Publiczna przepychanka między Antkiem Królikowskim i jego rodziną a matką jego dziecka Joanną Opozdą trwa już kolejny dzień. Cała afera rozkręciła się na nowo przy okazji niedoszłego chrztu małego Vincenta. Od tamtej pory strony konfliktu wydawały na przemian niezliczone oświadczenia, publikowały prywatne wiadomości, a nawet chwaliły się wyciągami z bankowych kont.
Jak można było się spodziewać, niedawna rozmowa z "Faktem" w kwestii chrztu Vincenta nie była ostatnią, jaką Królikowski przeprowadził z polskimi tabloidami. Celebrycie zebrało się również na zwierzenia przed redaktorami "Super Expressu". Tym razem mogliśmy dowiedzieć się, dlaczego aktor postanowił przerwać milczenie.

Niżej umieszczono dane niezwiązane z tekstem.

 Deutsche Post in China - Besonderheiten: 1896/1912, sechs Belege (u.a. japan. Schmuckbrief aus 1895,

Dalsza część artykułu pod materiałem wideo
Joanna dopuszcza się kłamstw i manipulacji. Nie zamierzam grać w jej grę. Dlatego zamiast pomówień i oszczerstw pokazałem jednoznaczne dowody na jej manipulacje. Wierzę, że moi odbiorcy sami wyciągną z tego wnioski. Wiem, że moje milczenie, które było mi po prostu potrzebne, trwało za długo. Ale wiem też, że prawda obroni się sama. Ja chcę się teraz skupić na walce o Viniego - zapewnia Królikowski w rozmowie z "Super Expressem".

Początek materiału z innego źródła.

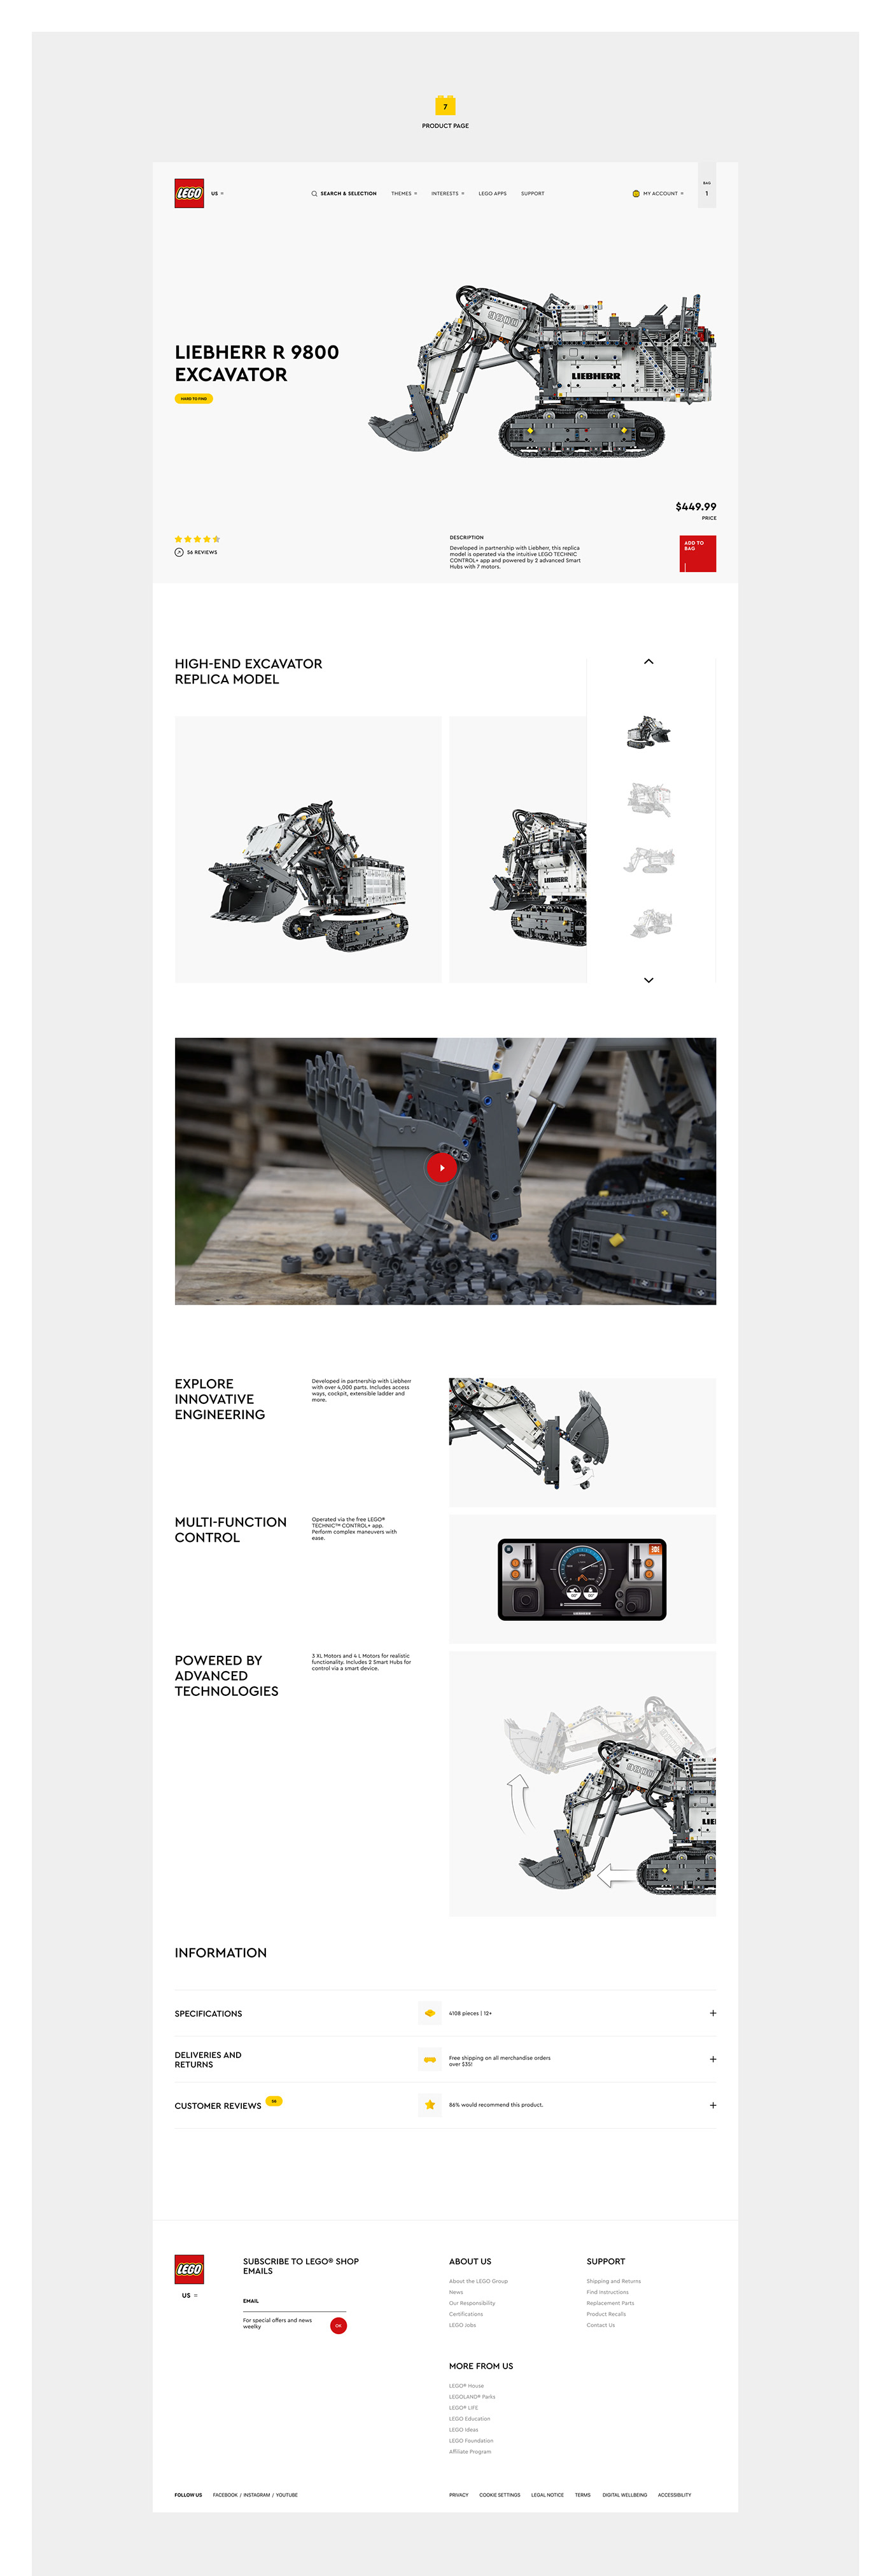 LEGO乐高网页概念设计欣赏

To jednak nie koniec sensacji. Tabloid podaje, że Antek planuje wystąpić do sądu o zabezpieczenie widzeń z synem, póki podział opieki nad dzieckiem nie zostanie ustalony przez sąd w ramach rozwodu. Królikowski przekonuje, że Opozda utrudnia mu kontakty z Vincentem. Tymczasem zdaniem aktorki Królikowski rzekomo nigdy nie przewijał syna, a na dwa miesiące sprezentował mu kostkę Rubika i dopytywał, czy może już jeść pierogi.
Wierzycie jeszcze w czyjeś szczere intencje w całej tej aferze?